Repeat the data that follows, word for word, without the images.

START Source material

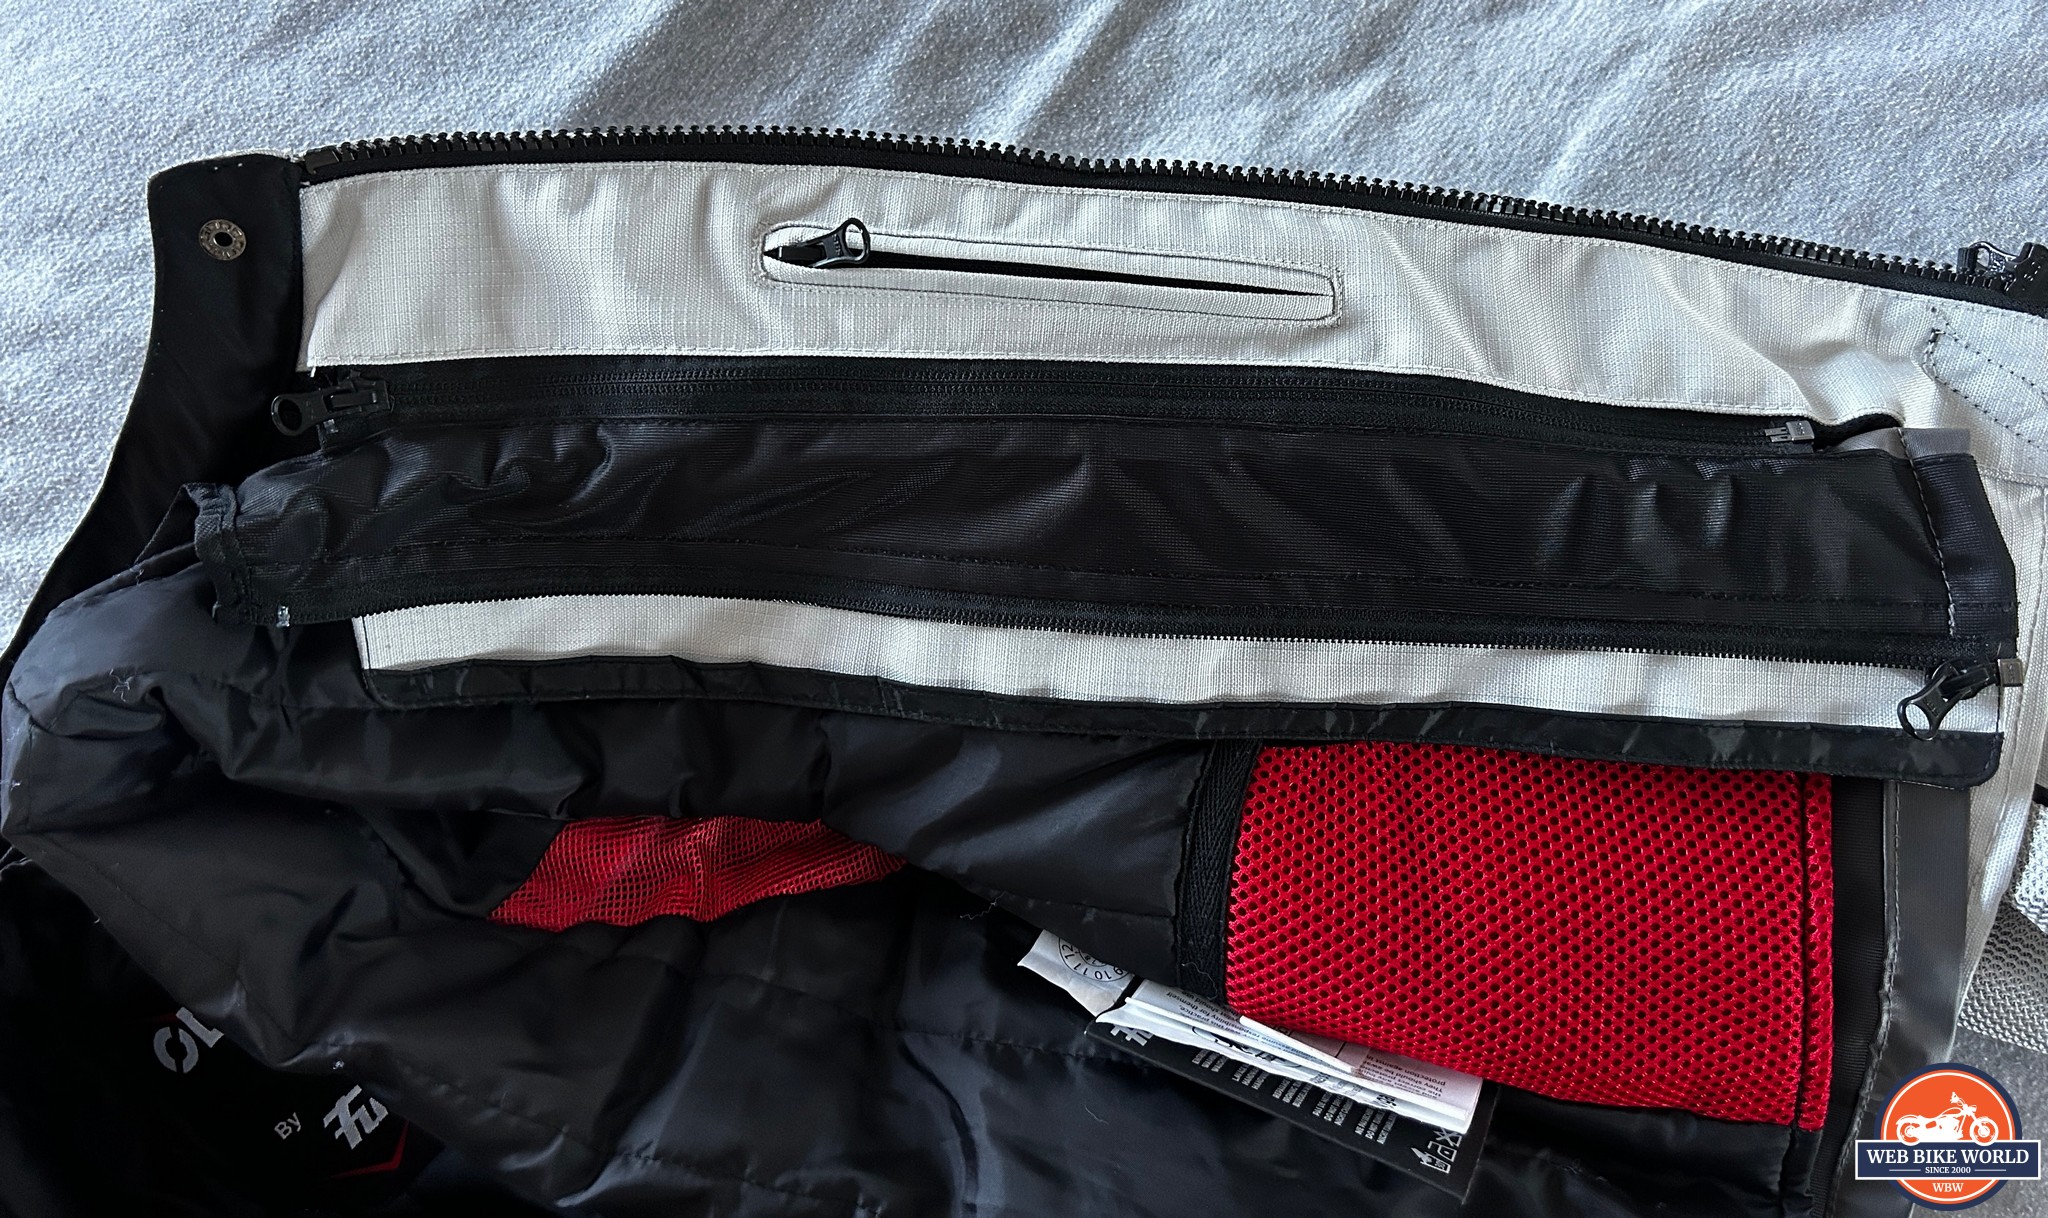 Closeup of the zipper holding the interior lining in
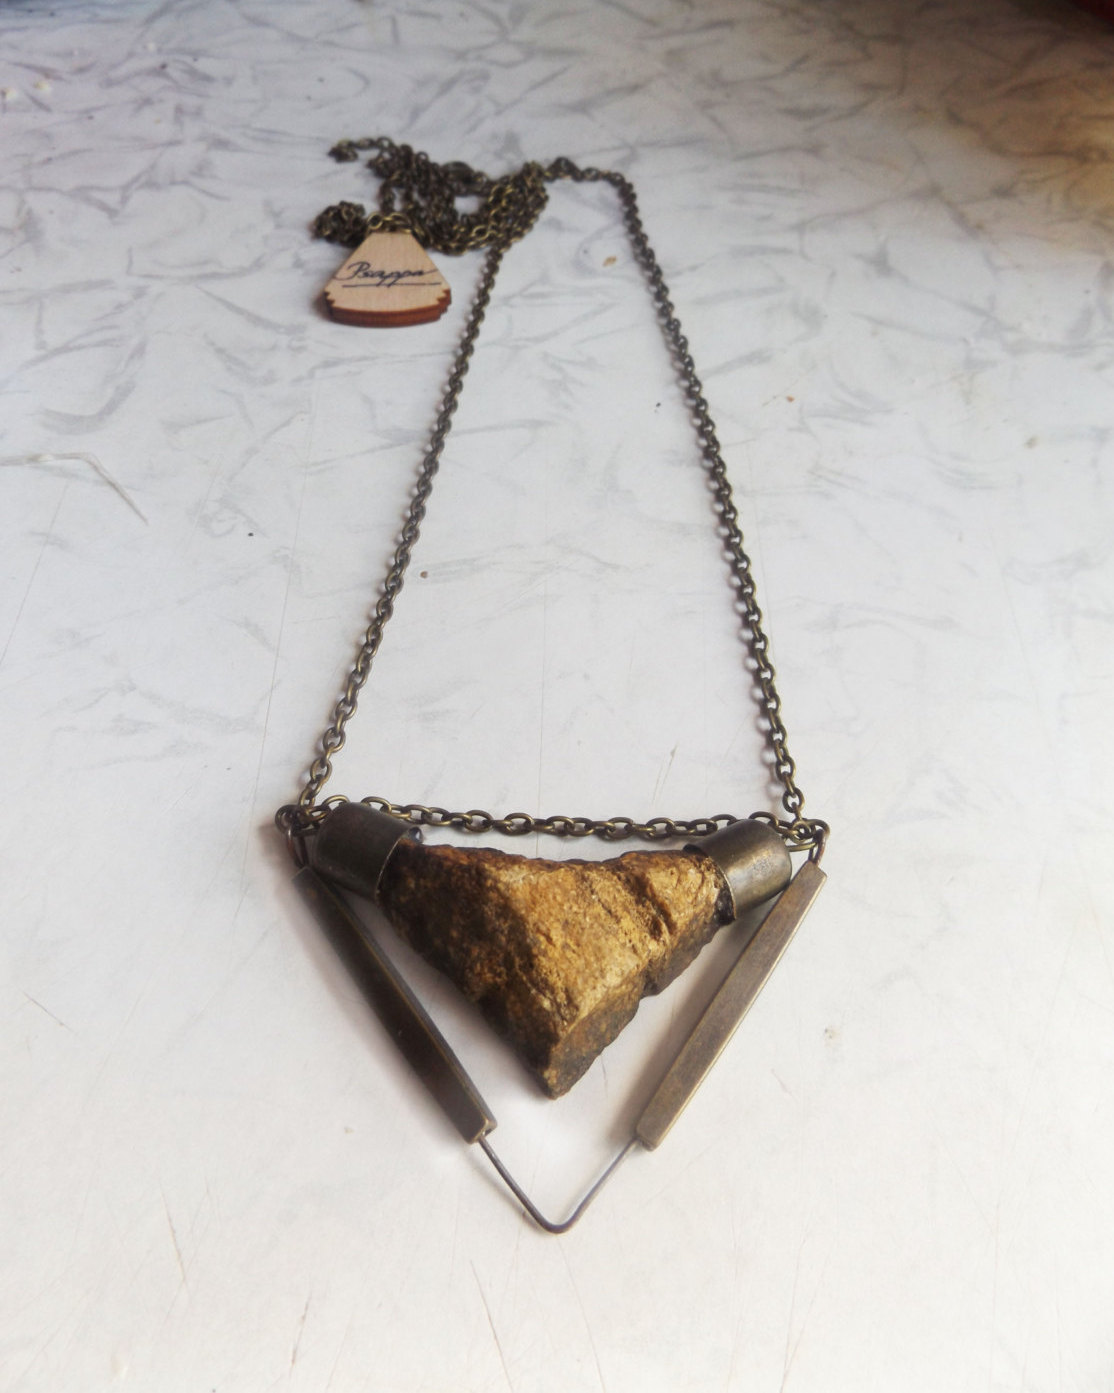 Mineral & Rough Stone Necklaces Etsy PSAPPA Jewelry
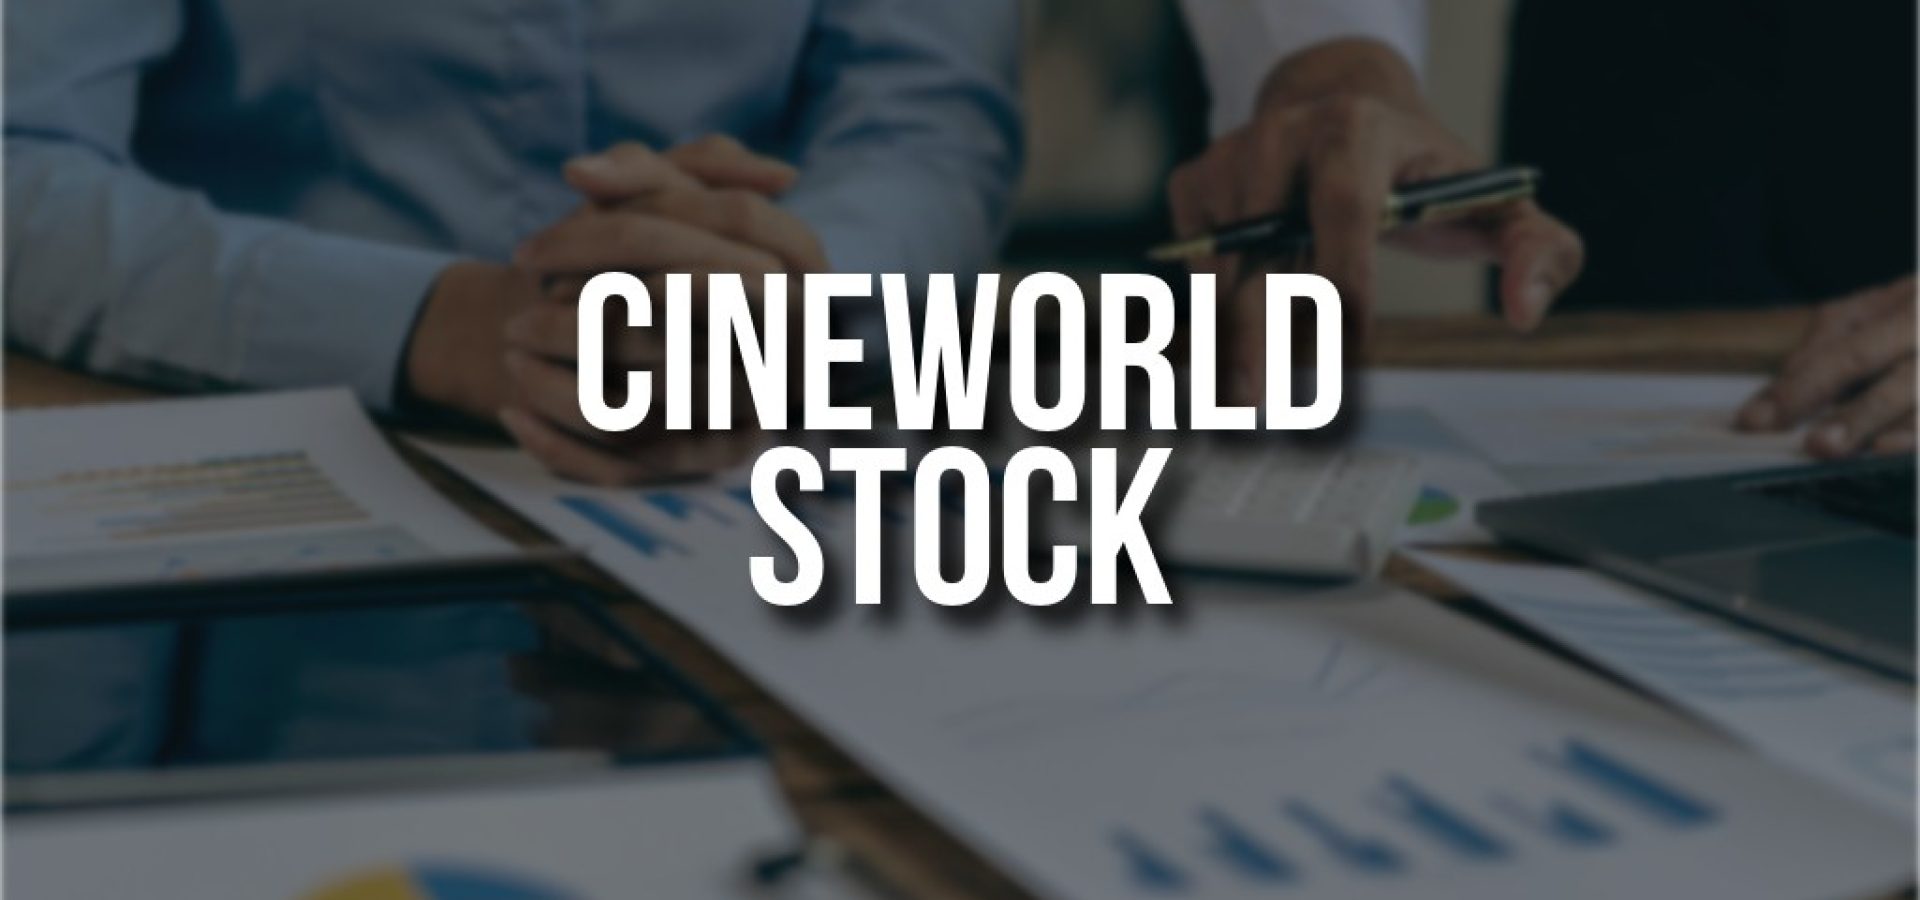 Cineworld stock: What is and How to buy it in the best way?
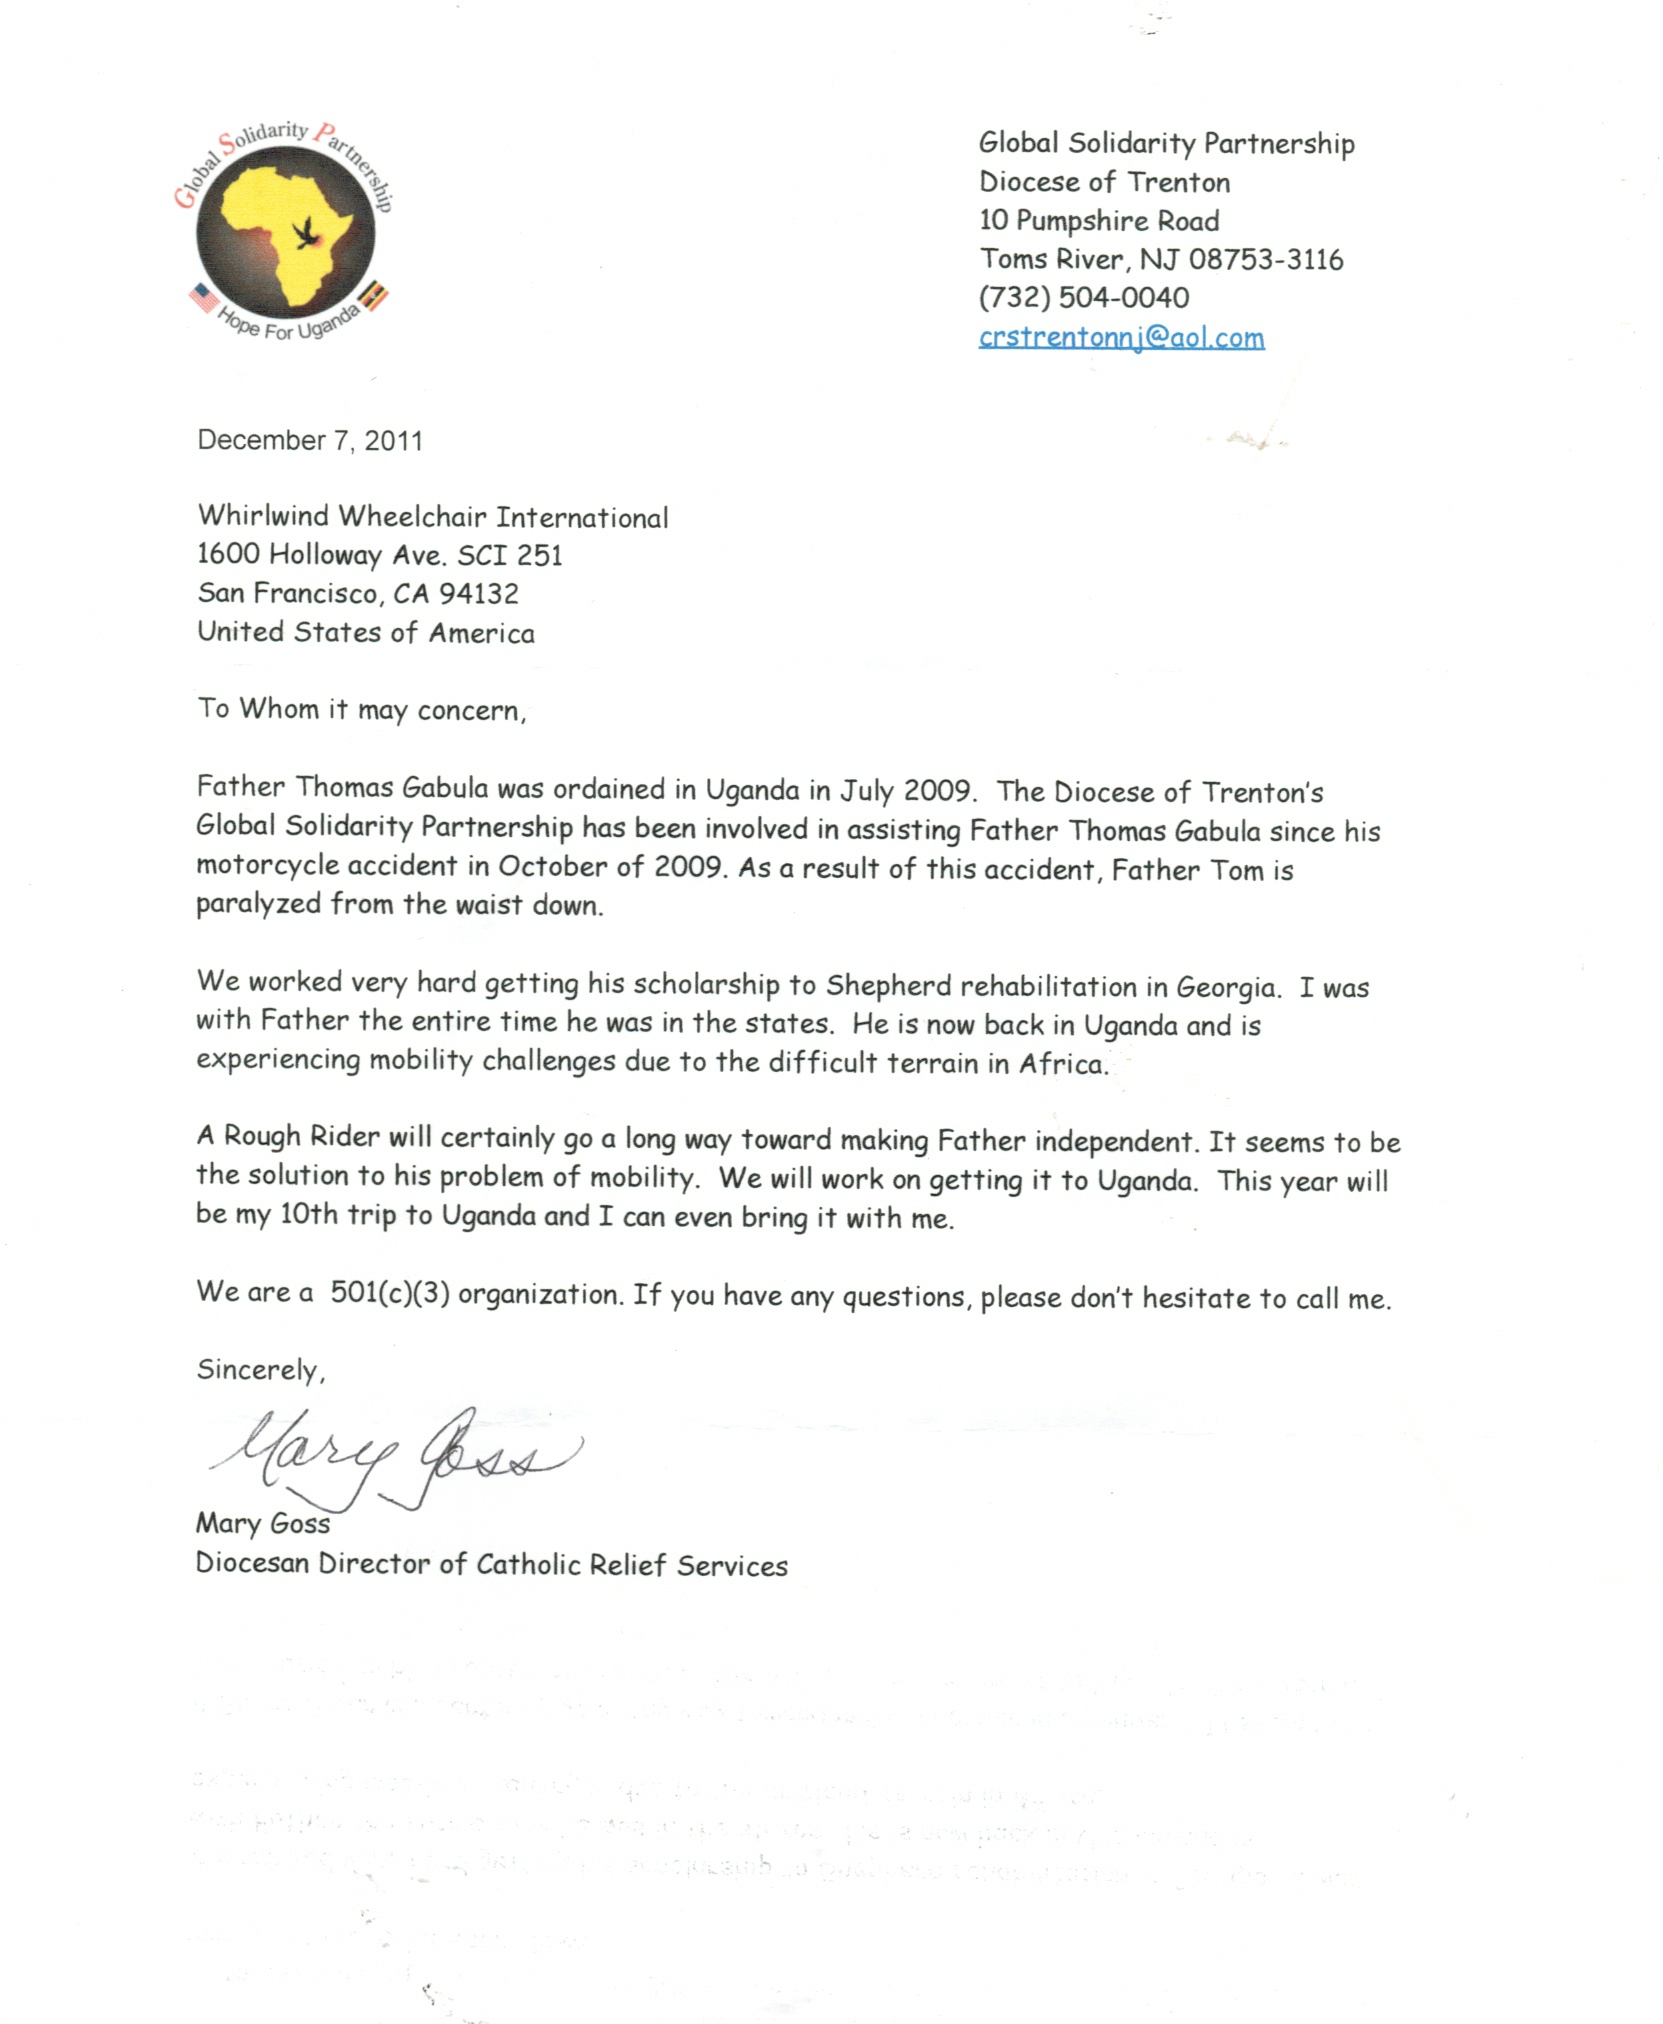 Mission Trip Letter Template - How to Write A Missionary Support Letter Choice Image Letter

END Source material

Solution for this problem -
 Closeup of the zipper holding the interior lining in
 Mineral & Rough Stone Necklaces Etsy PSAPPA Jewelry
 Cineworld stock: What is and How to buy it in the best way?
 Mission Trip Letter Template - How to Write A Missionary Support Letter Choice Image Letter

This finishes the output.